» SUPPLIED INFORMATION:

- Opening Delimiter -

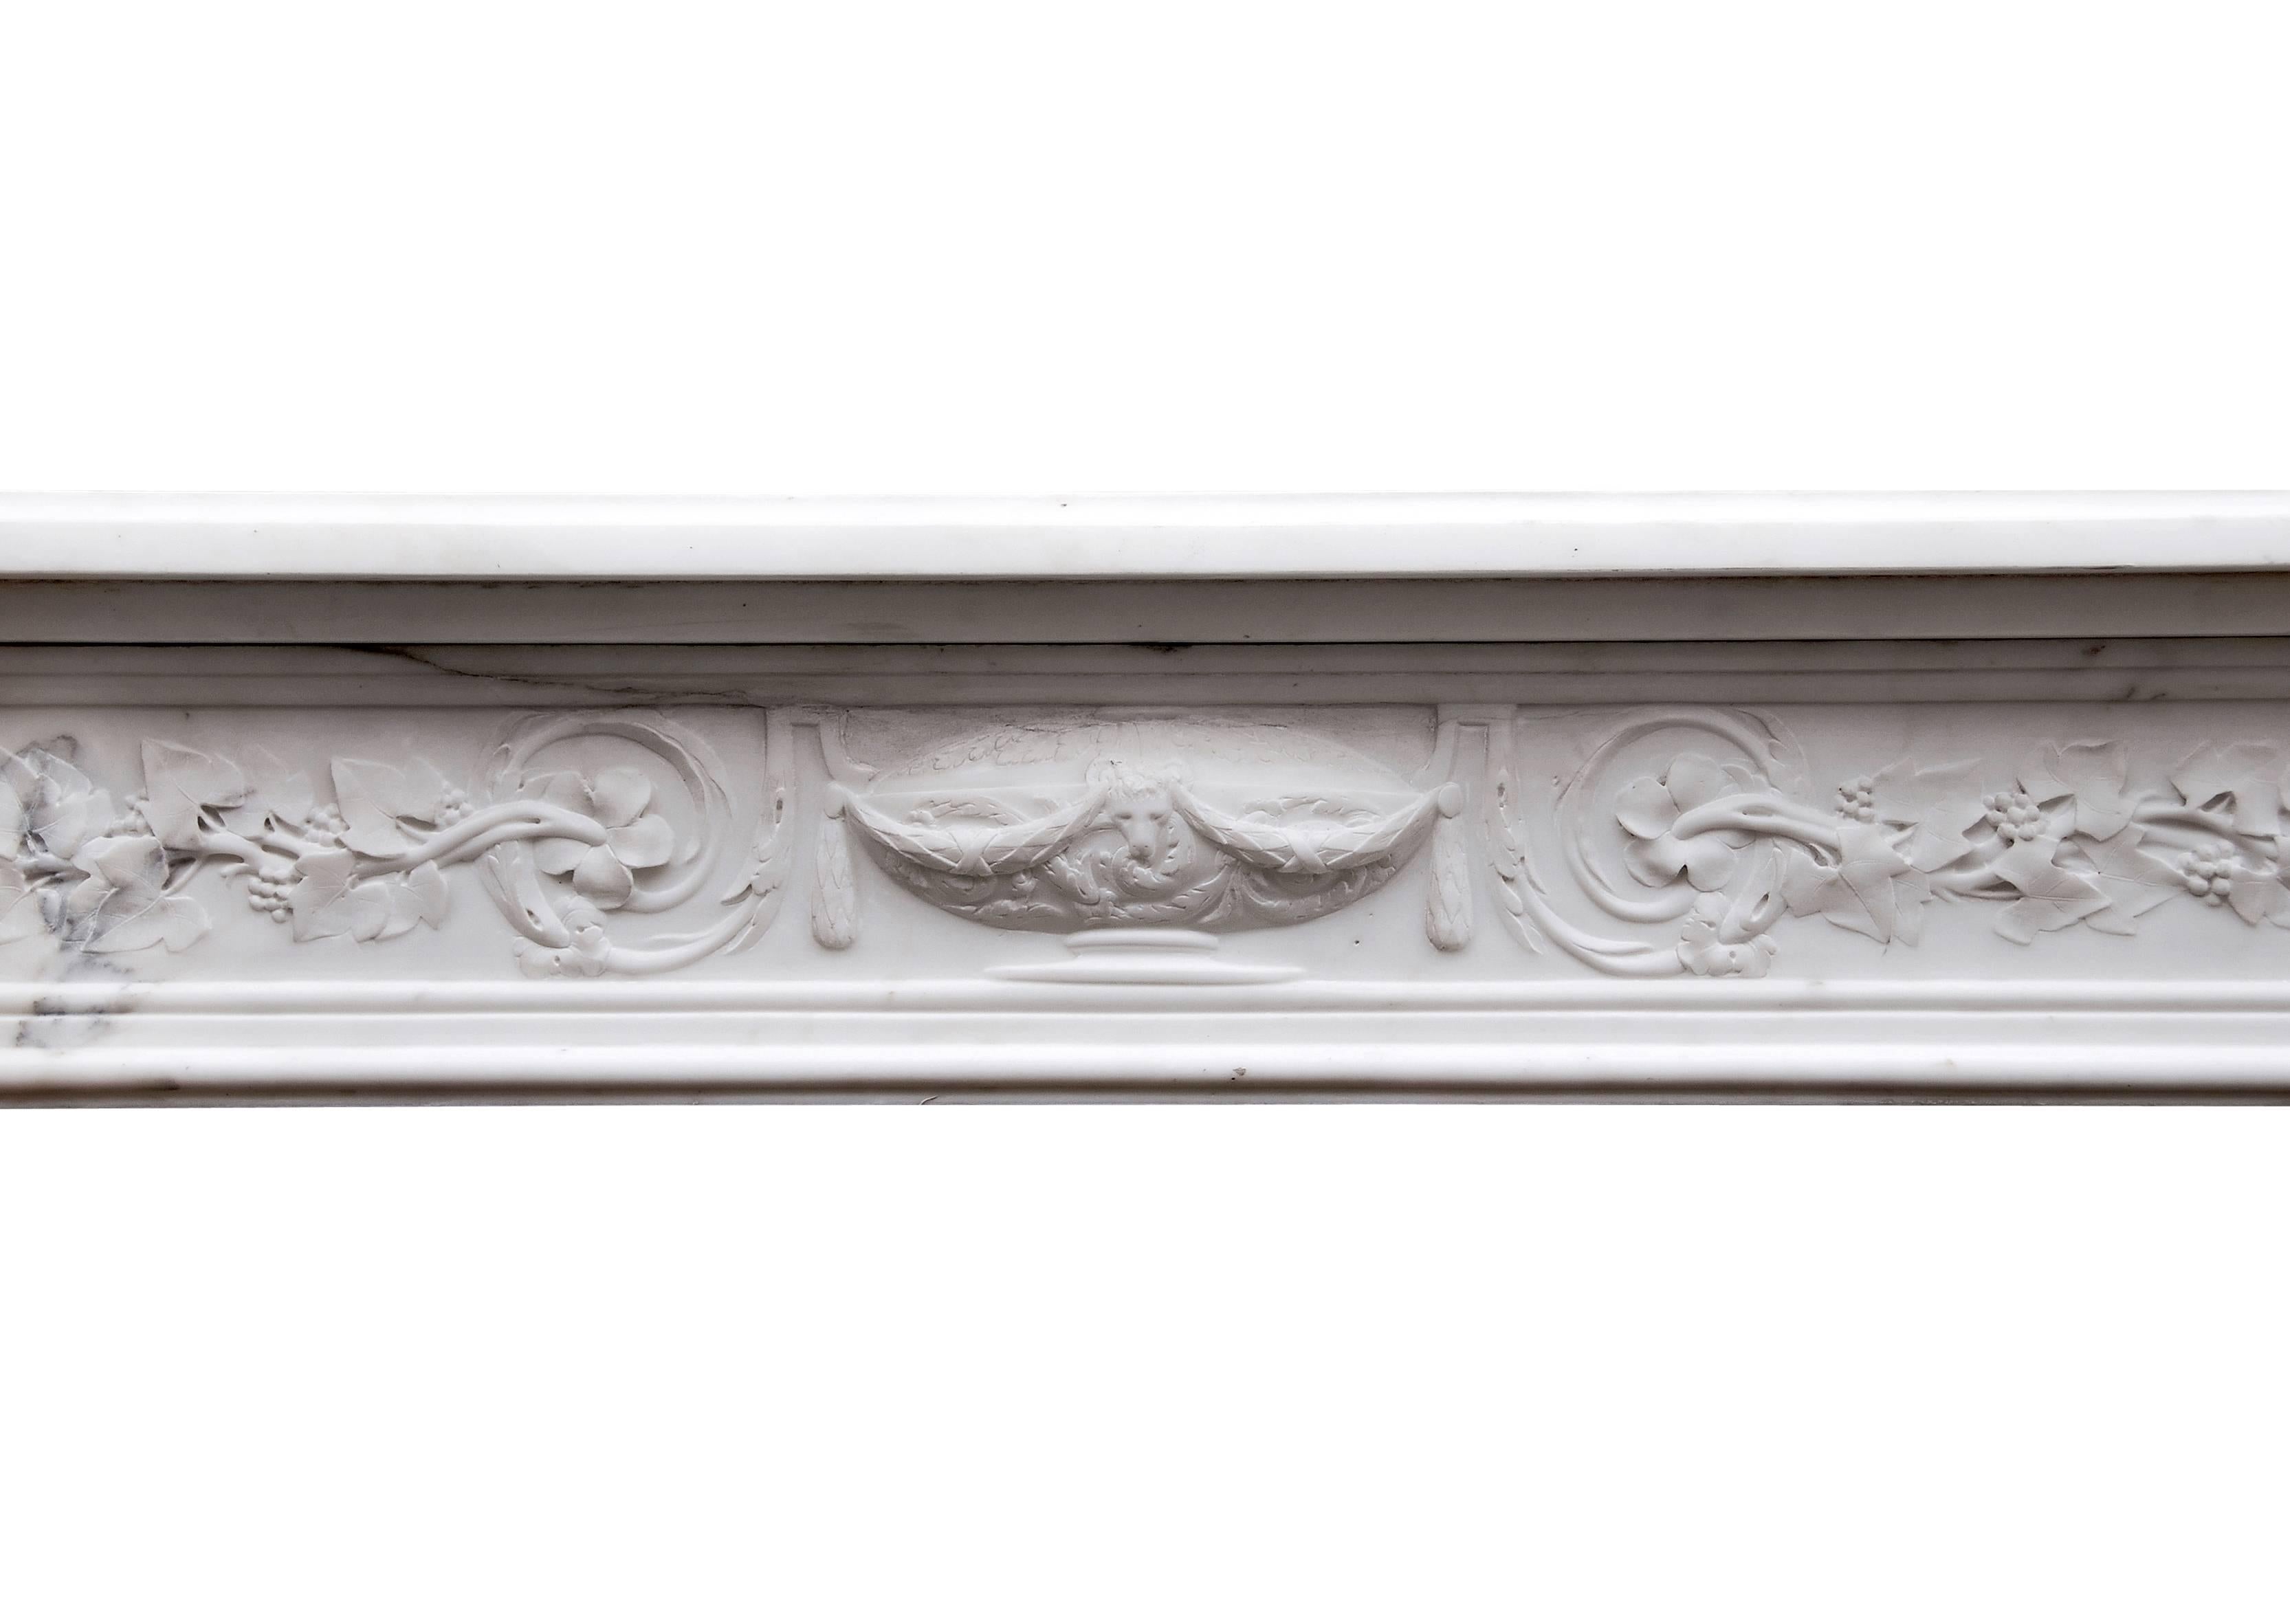 18th Century and Earlier Period 18th Century French Louis XVI Statuary Marble Fireplace For Sale
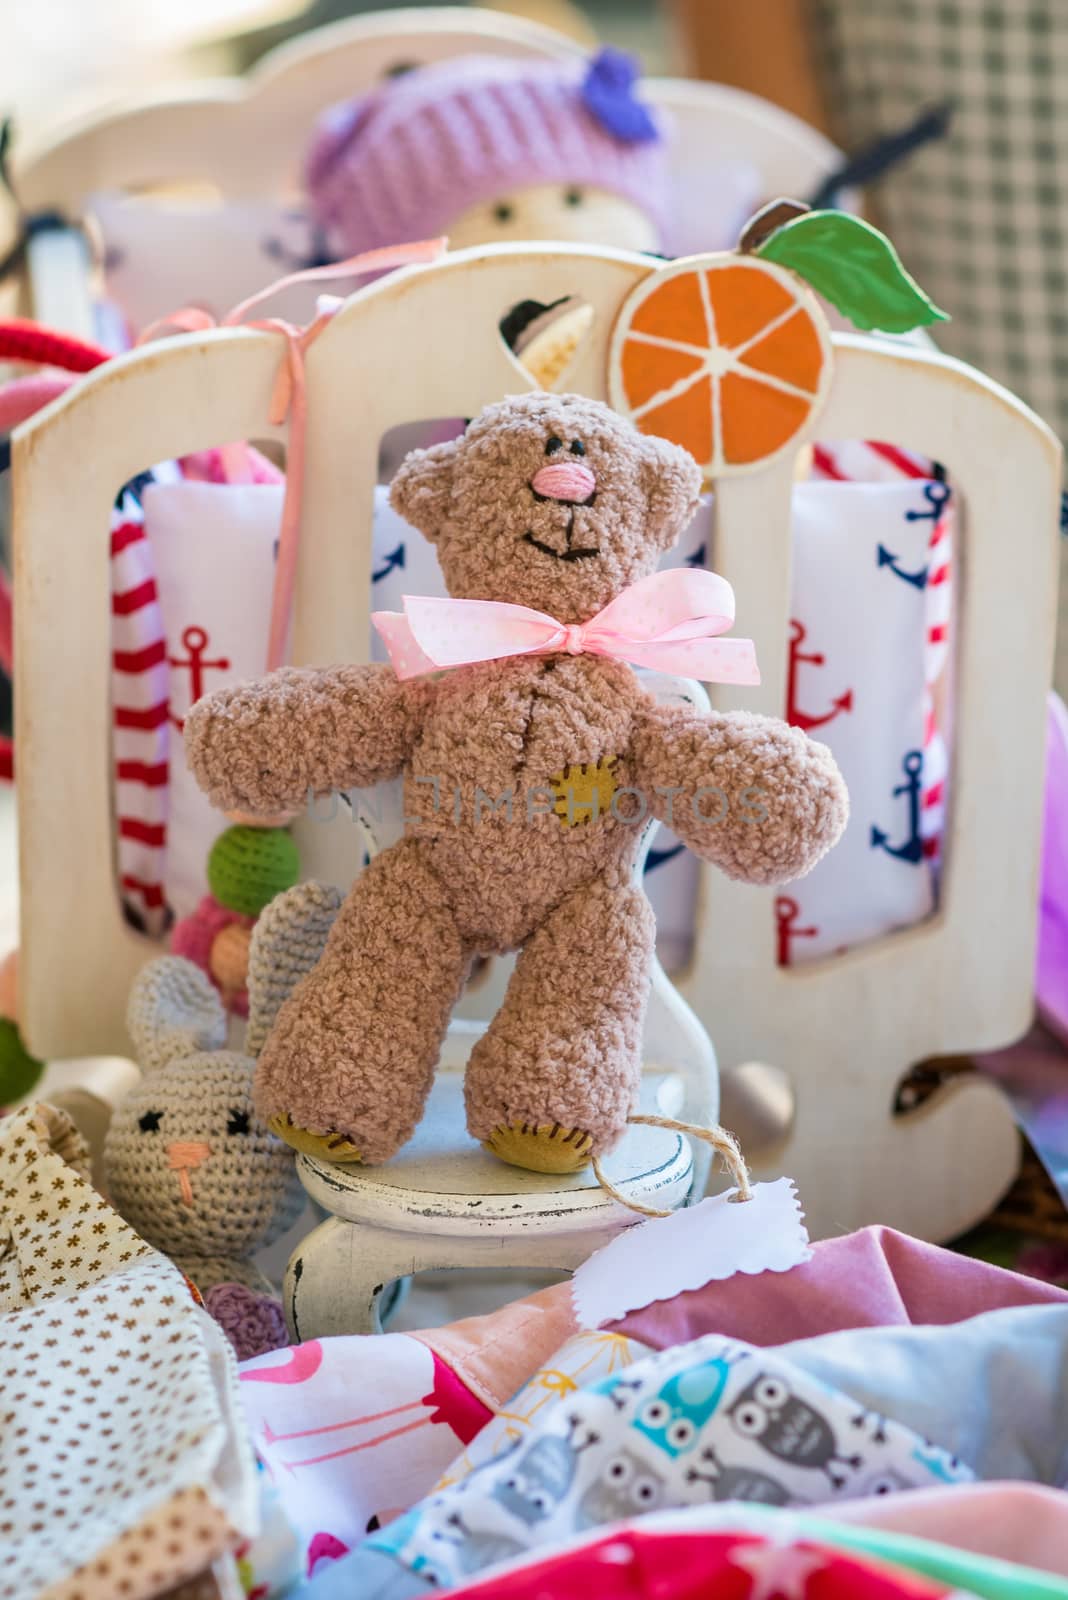 Toy bear on white wooden stool between other toys
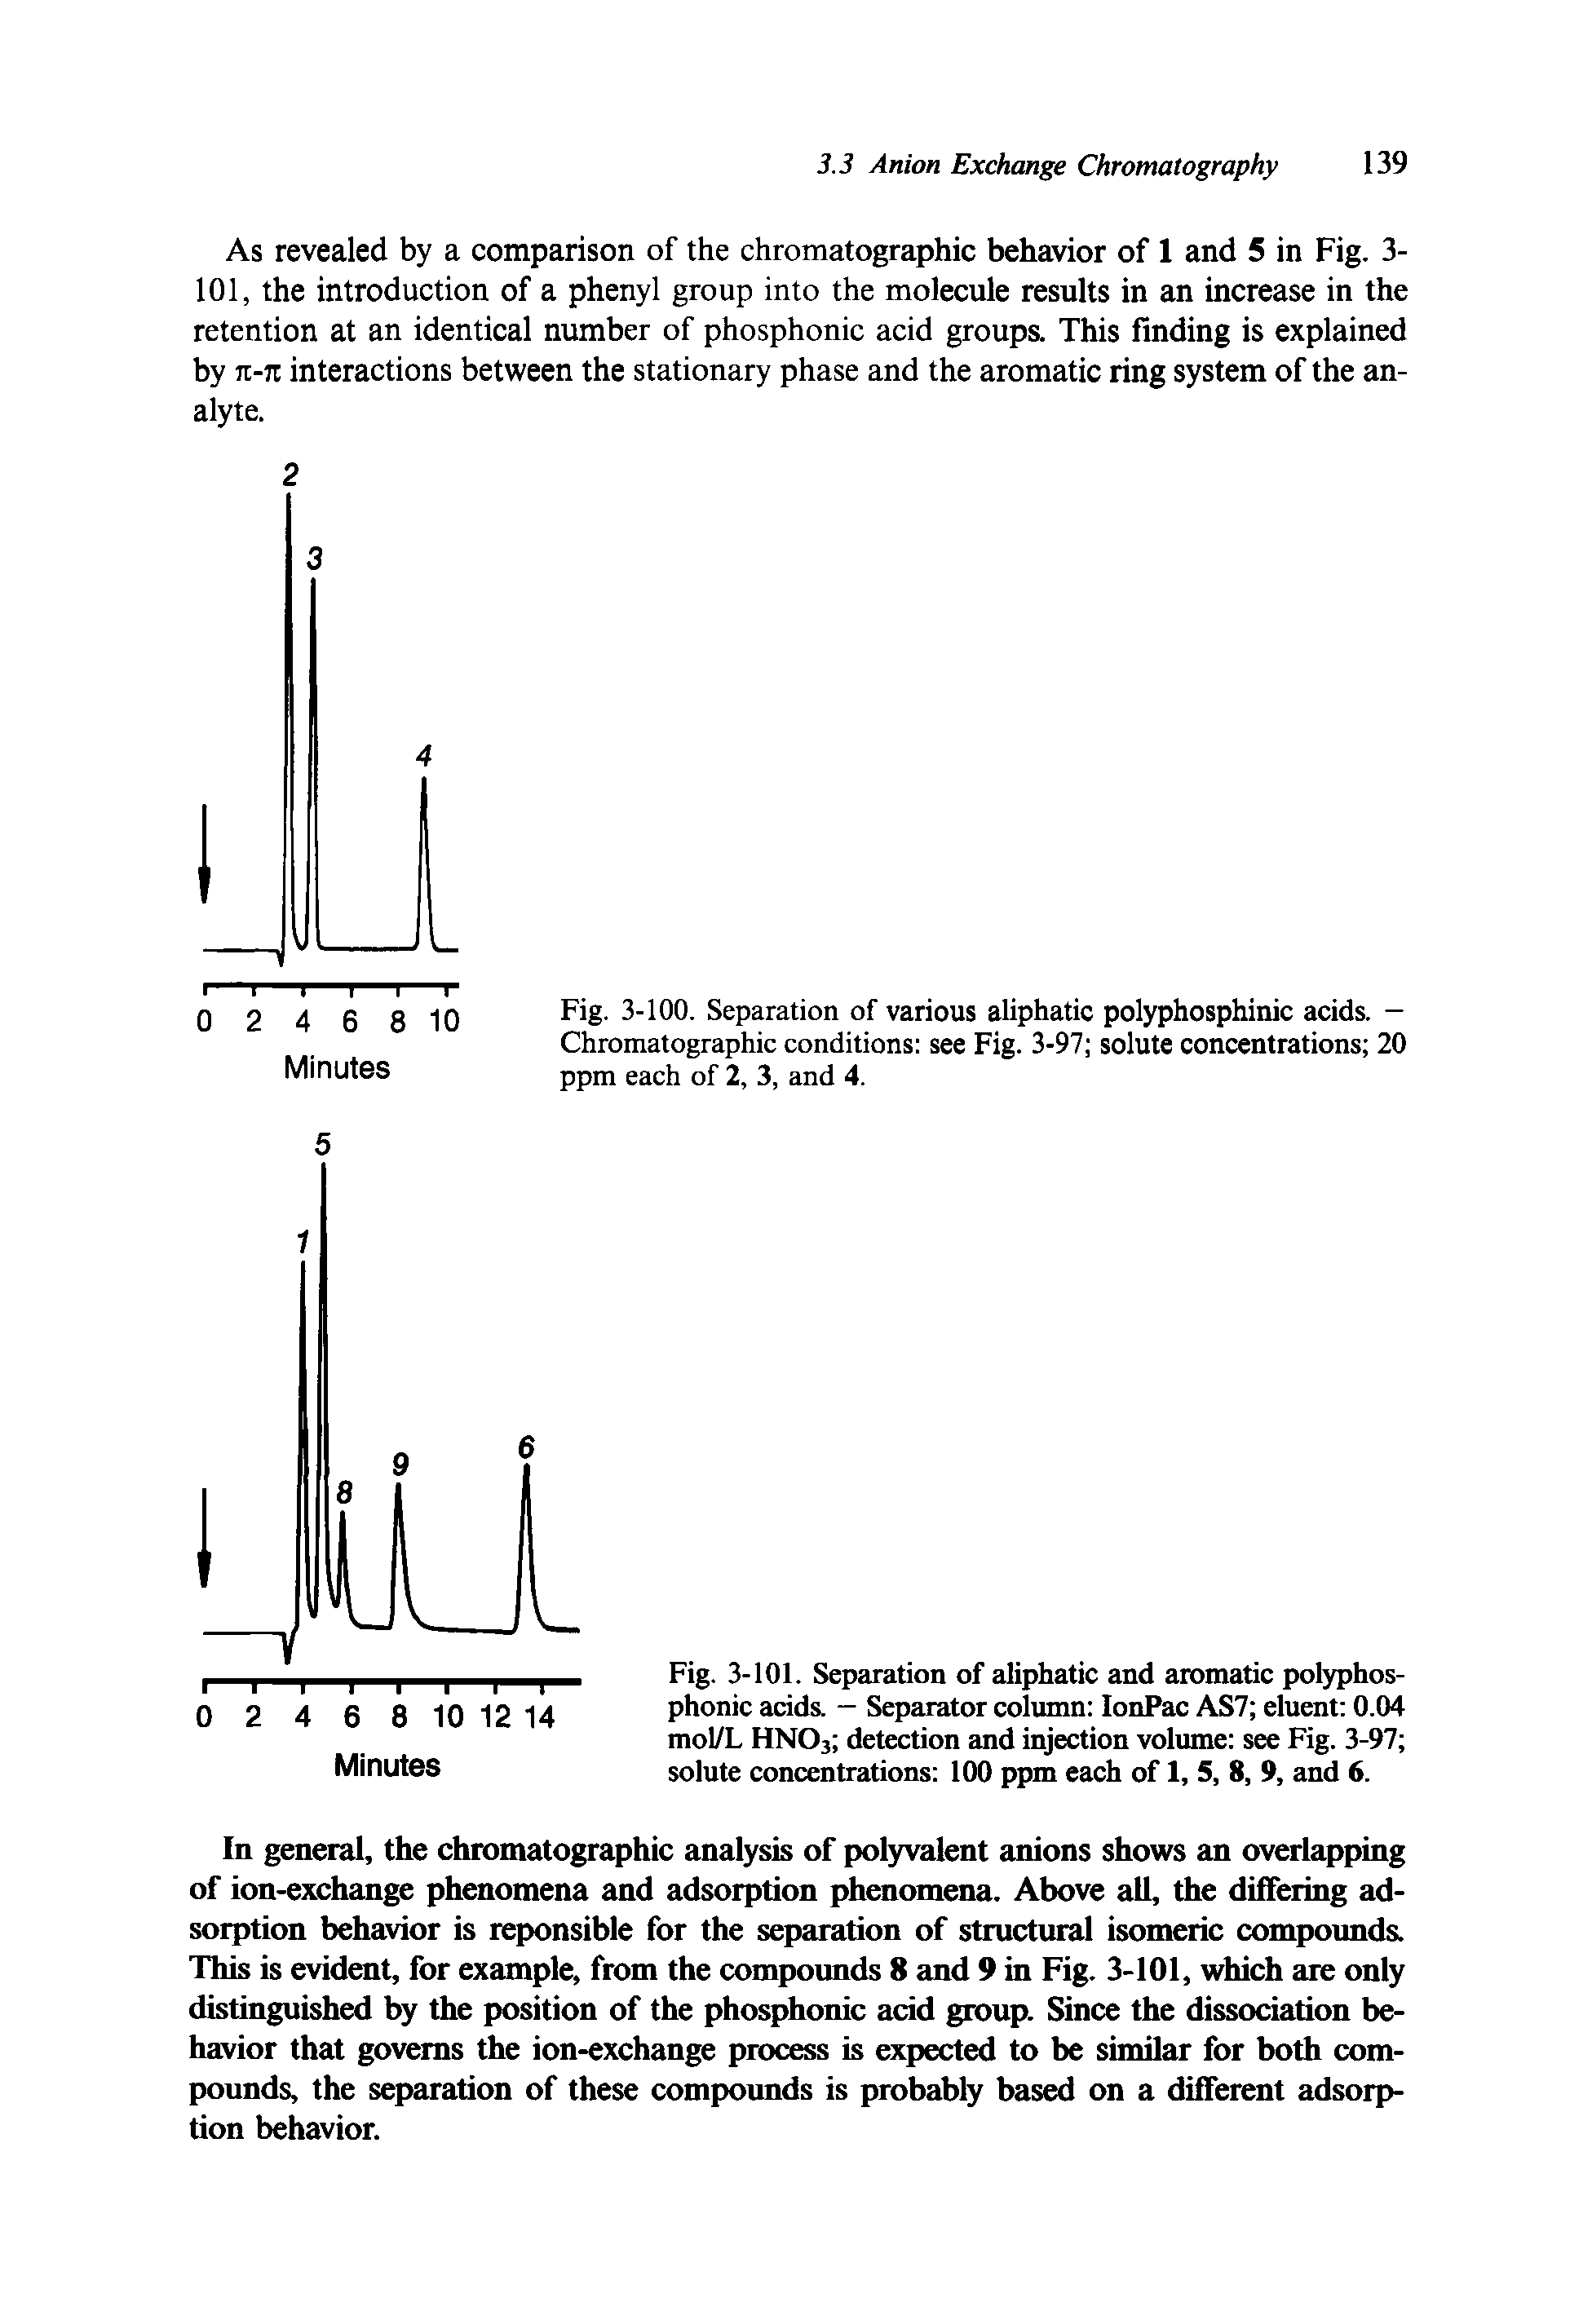 Fig. 3-101. Separation of aliphatic and aromatic polyphos-phonic acids. — Separator column IonPac AS7 eluent 0.04 mol/L HN03 detection and injection volume see Fig. 3-97 solute concentrations 100 ppm each of 1, 5, 8, 9, and 6.

- Closing Delimiter -

» WHAT IS REQUIRED:
Pictures excluded, copy the lines exactly from where the material starts to the line with "Toy bear on", inclusive.

» ANSWER TO THE PROBLEM:
 18th Century and Earlier Period 18th Century French Louis XVI Statuary Marble Fireplace For Sale
 Toy bear on white wooden stool between other toys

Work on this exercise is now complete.